▶ _Data shown_
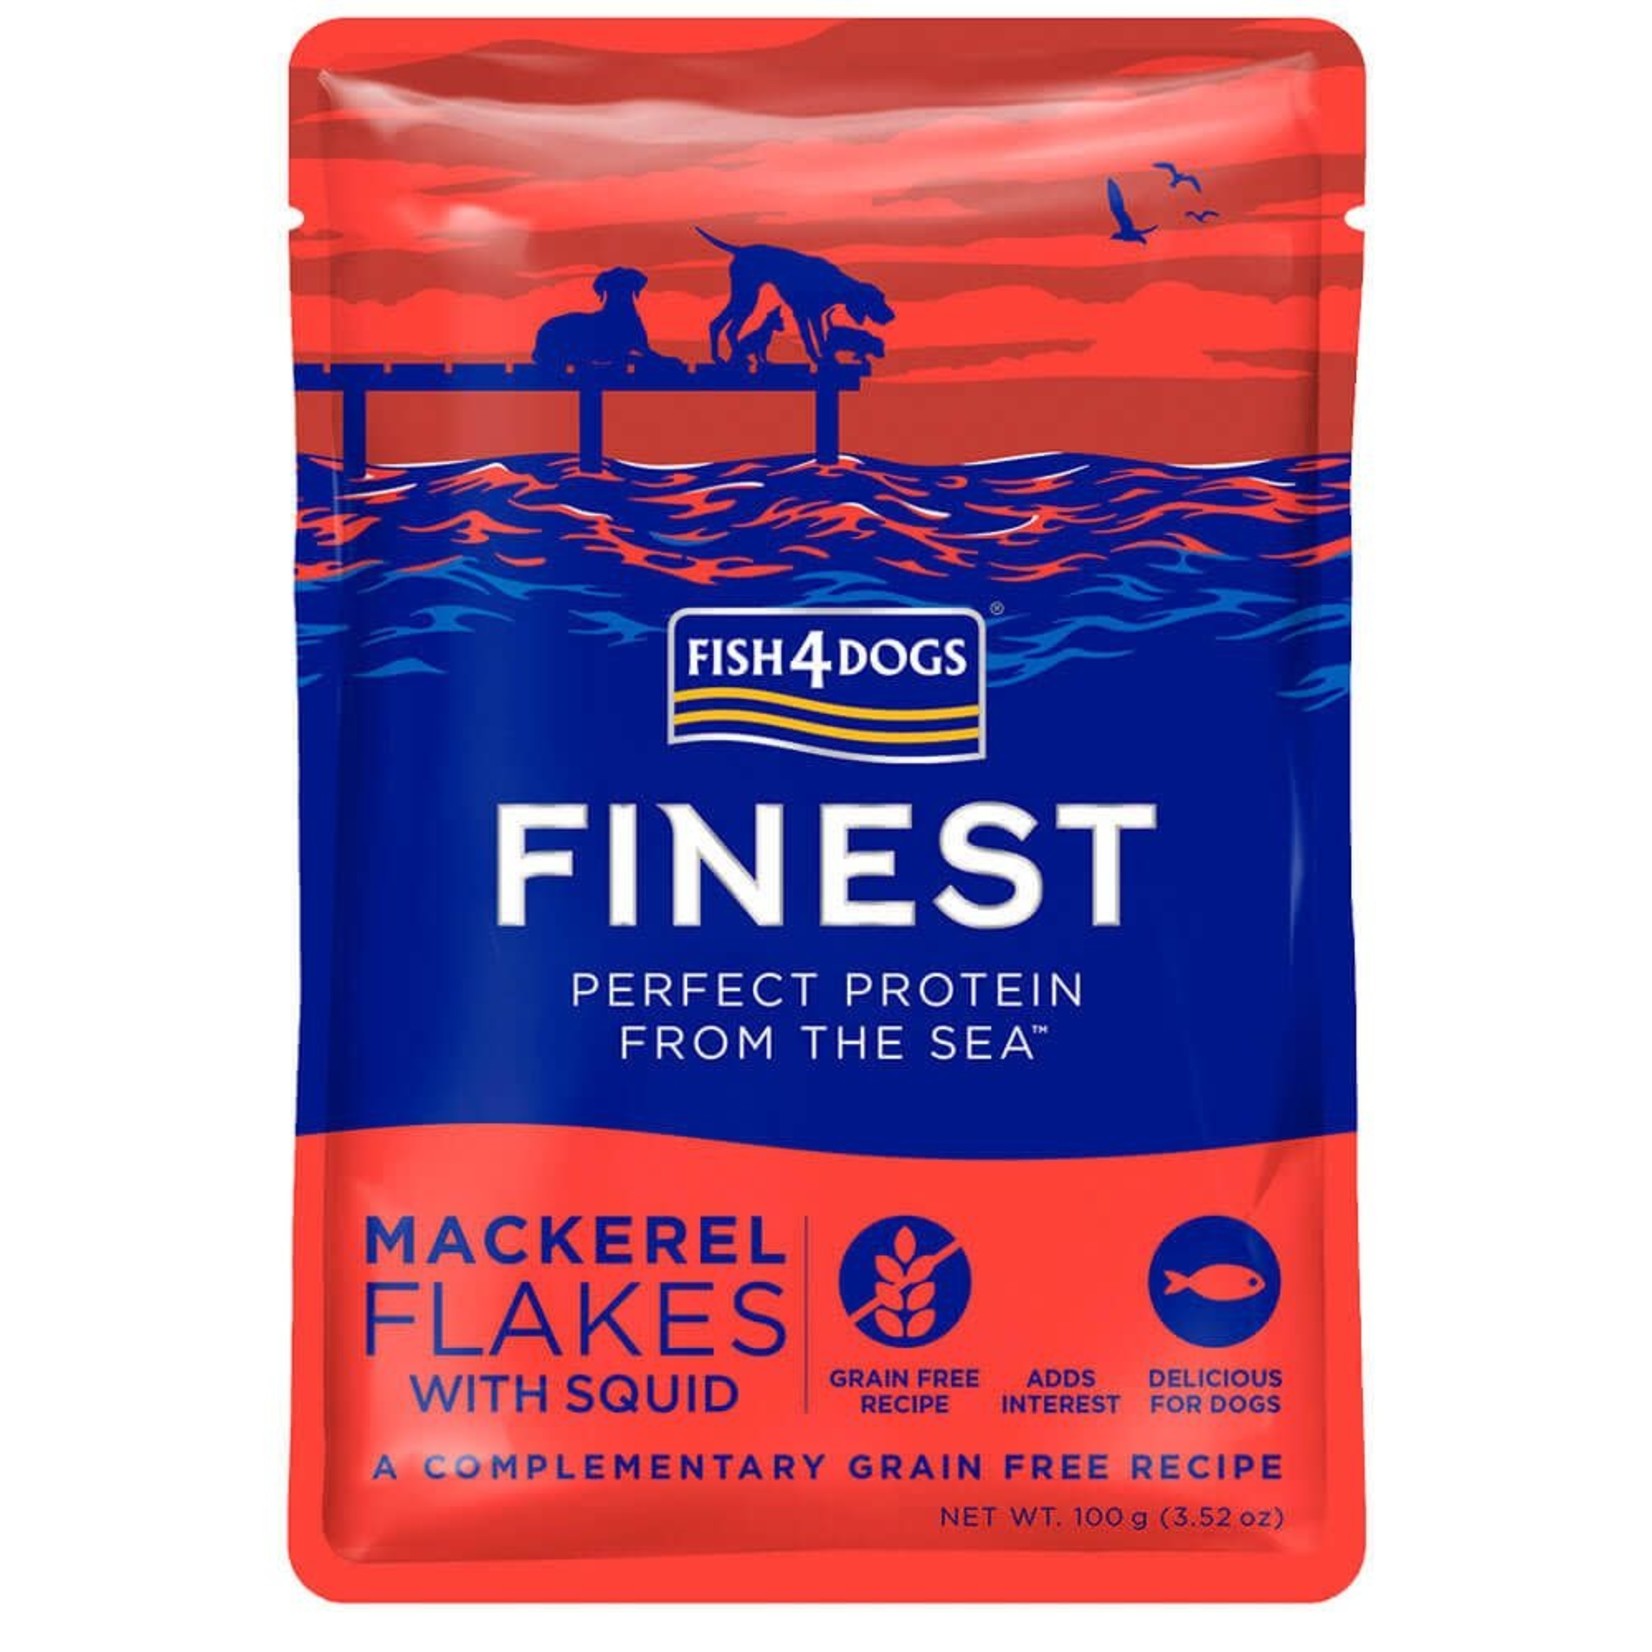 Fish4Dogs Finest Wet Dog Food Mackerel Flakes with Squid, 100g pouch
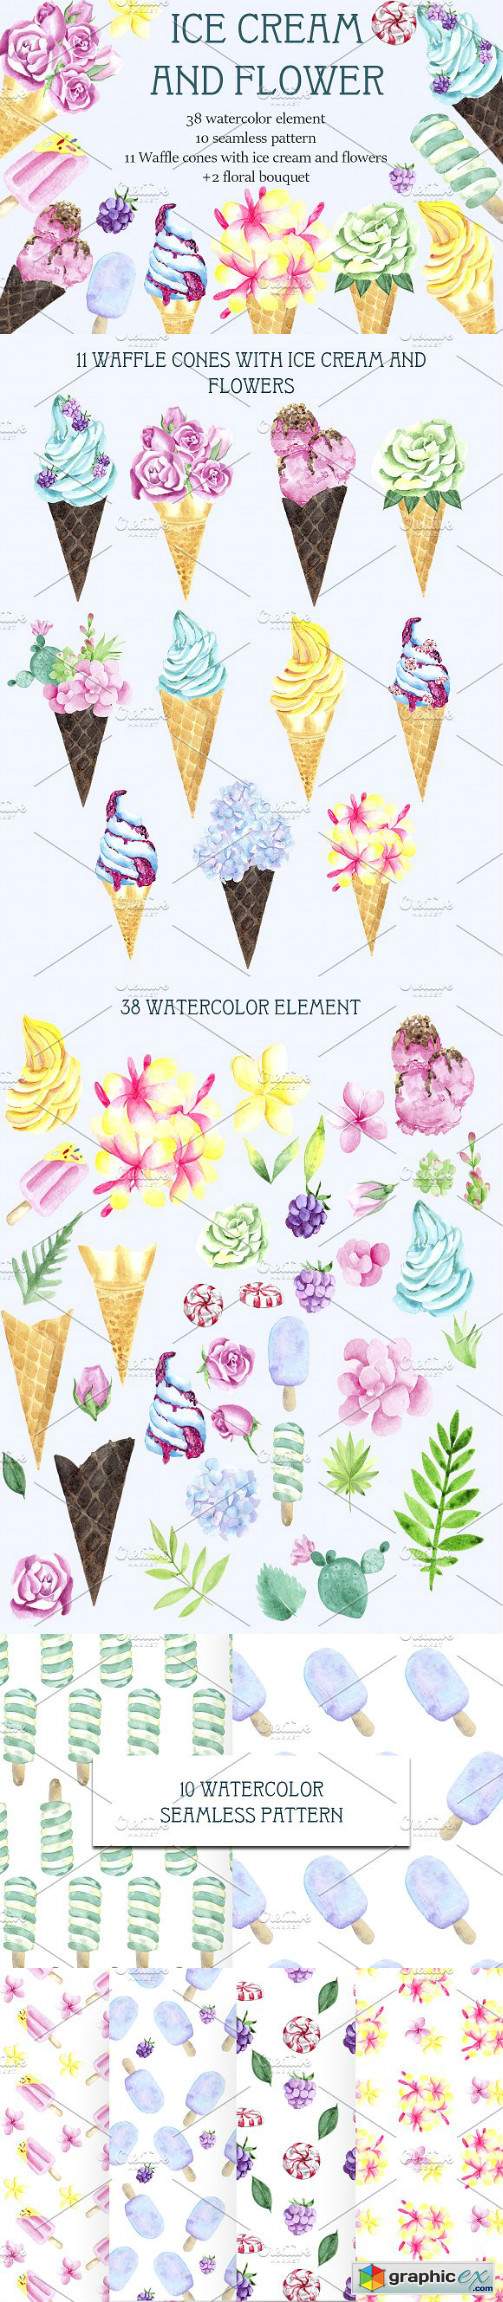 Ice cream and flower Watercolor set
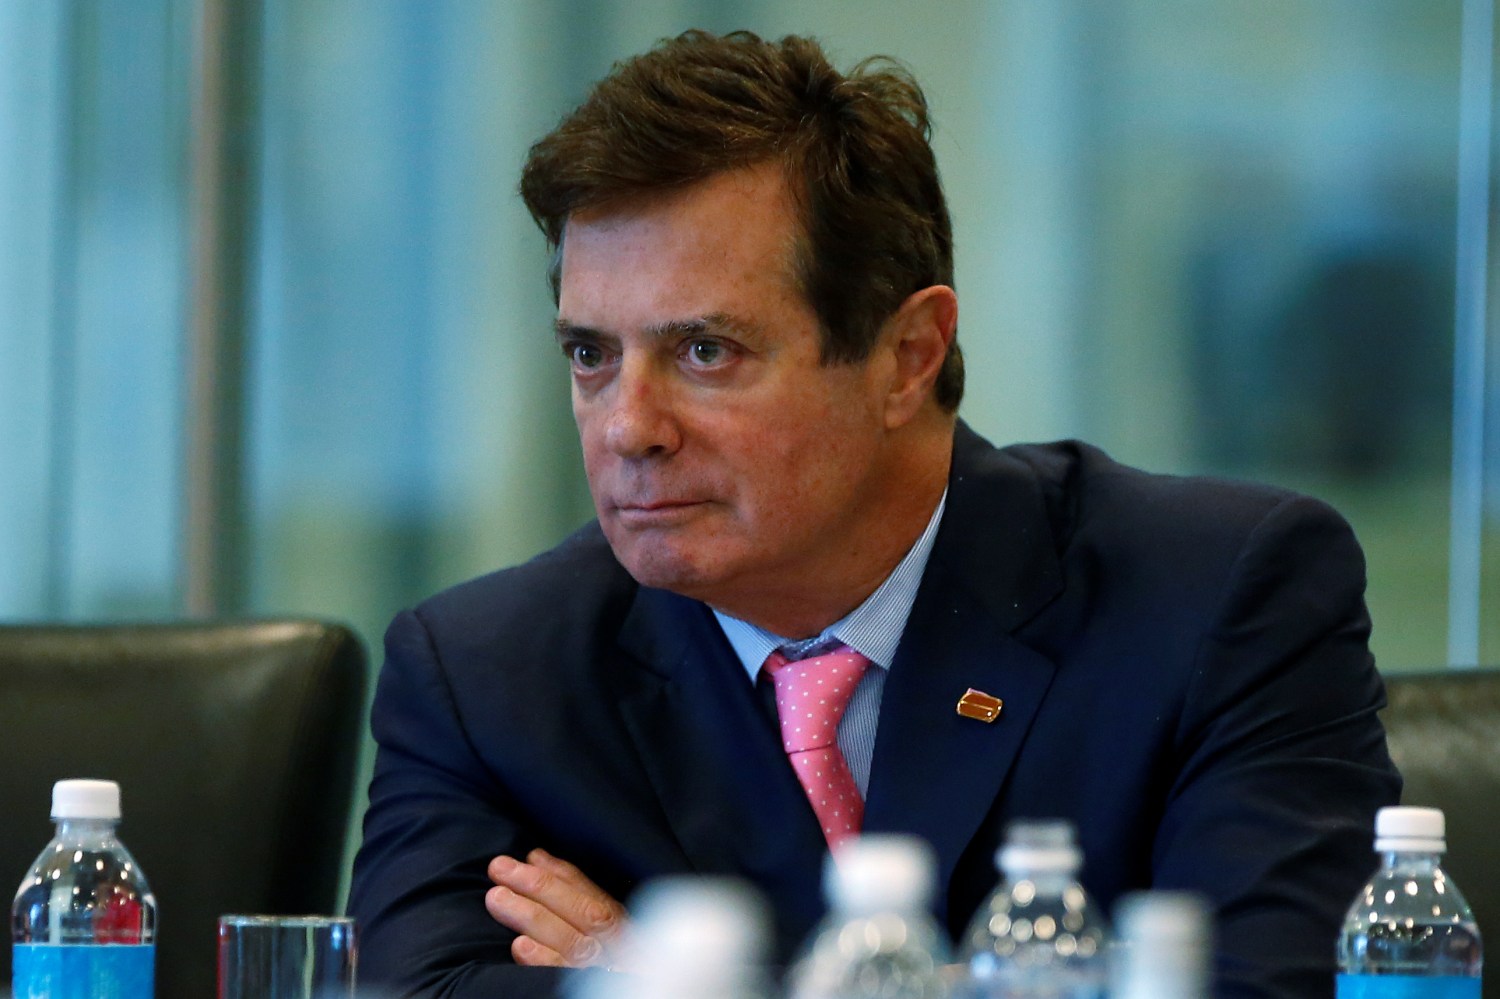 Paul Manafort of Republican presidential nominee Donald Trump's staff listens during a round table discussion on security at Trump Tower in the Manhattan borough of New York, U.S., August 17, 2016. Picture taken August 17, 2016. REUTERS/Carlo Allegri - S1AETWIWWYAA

▶ _Exercise instructions_
The listing above needs to be output again exactly. Don't include the pictures.

▶ _Finished task_
 Fish4Dogs Finest Wet Dog Food Mackerel Flakes with Squid, 100g pouch
 Ice cream and flower Watercolor set
 Paul Manafort of Republican presidential nominee Donald Trump's staff listens during a round table discussion on security at Trump Tower in the Manhattan borough of New York, U.S., August 17, 2016. Picture taken August 17, 2016. REUTERS/Carlo Allegri - S1AETWIWWYAA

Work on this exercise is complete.